To further this purpose, David Caplan has secured the services of Jacob Margolis, an attorney from Pittsburgh–a man of experience in the labor struggle, one with courage and ability to fight the case of Caplan on the basis of the larger issues involved, the issues of the class war.
Mr. Margolis will be assisted by other lawyers, but his instructions from Caplan himself are to ignore precedent and tradition, and to fight the case on revolutionary lines.

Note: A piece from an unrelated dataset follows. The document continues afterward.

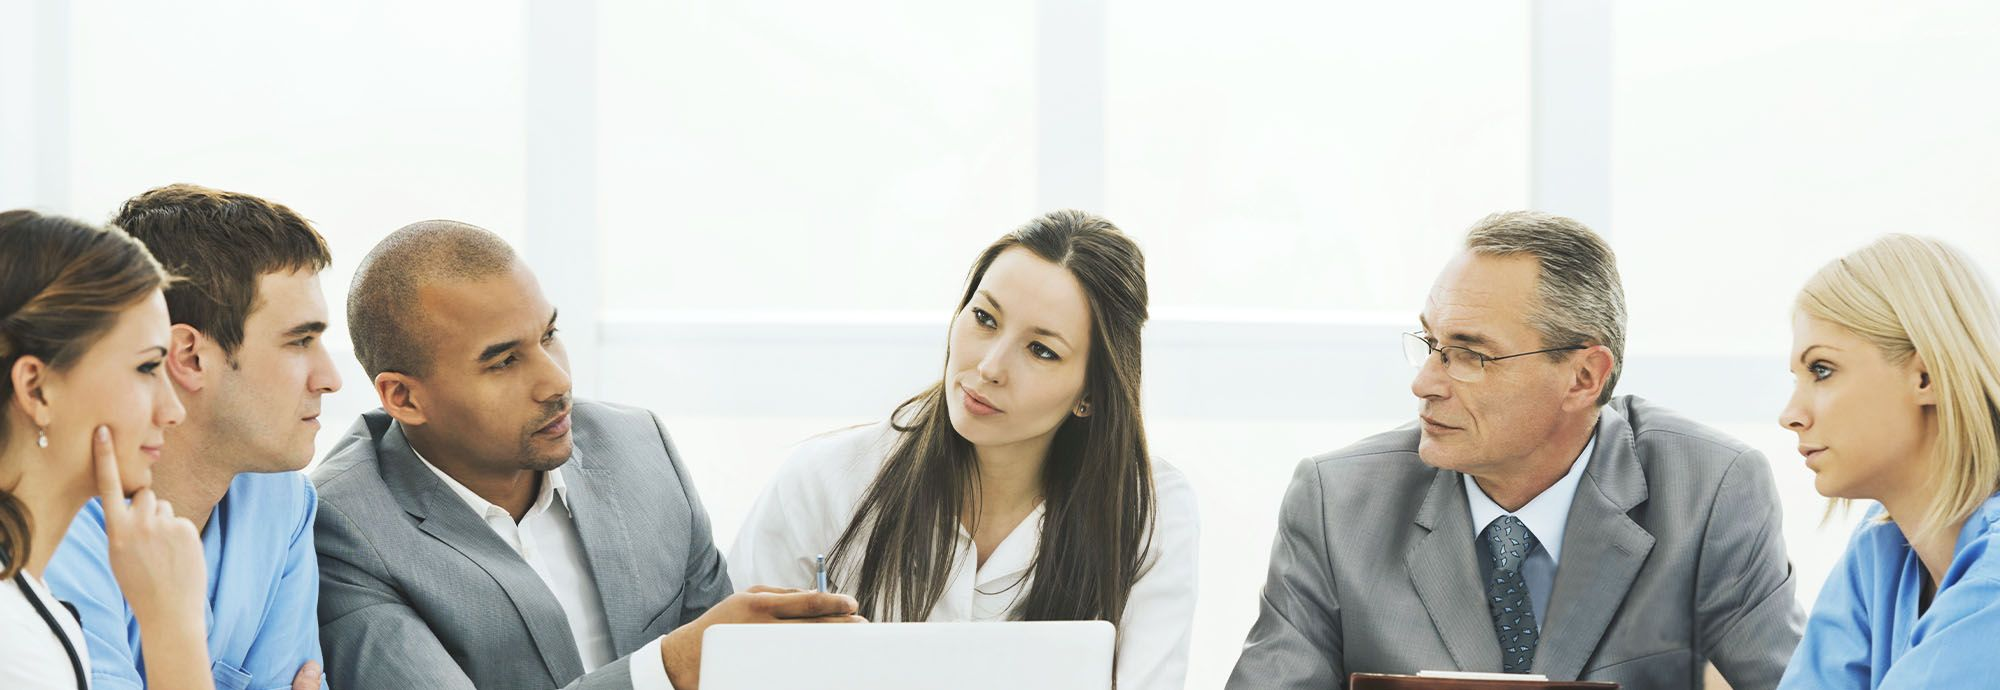 coperture assicurative medici altri professionisti

We urge our friends and comrades everywhere to rally to the aid of David Caplan. Make your voice resound! throughout the country. Let us be done, once and for all, with legal respectability and conformity, so much prized by those who are anxious about their sinecures in the unions or their own precious skins. We have sacrificed enough rebels to the Moloch of legality and cowardice. Let us for once show that we are men. with the self-respect and spirit of manhood.
Alexander Berkman
Alexander Berkman’s incendiary-titled ‘The Blast’ began after Berkman left New York City, and his editorial position with Emma Goldman’s ‘Mother Earth’ he had held since his release from prion in 1906, to organize the ‘Anti-Militarist League’ and anarchists circles across the country in opposition to the war and associated repression. Published semi-monthly in San Francisco, California, beginning in January, 1916 with the first issue carrying a cover legendary cartoonist Robert Minor and this statement: ‘Before a garden can bloom, the weeds must be uprooted. Nothing is therefore more important than to destroy. Nothing more necessary and difficult…To destroy the Old and the False is the most vital work. We emphasize it: to blast the bulwarks of slavery and oppression is of primal necessity. It is the beginning of really lasting construction.’ Twenty-nine issues were published, with special attention paid to the war, political prisoners, and the labor movement in California. Berkman was arrested in June, 1917 for encouraging resistance to the draft and The Blast, like so many radical journals of the time, fell to Federal repression. Berkman spent two years in Atlanta Federal Prison before being deported to Russia in 1919.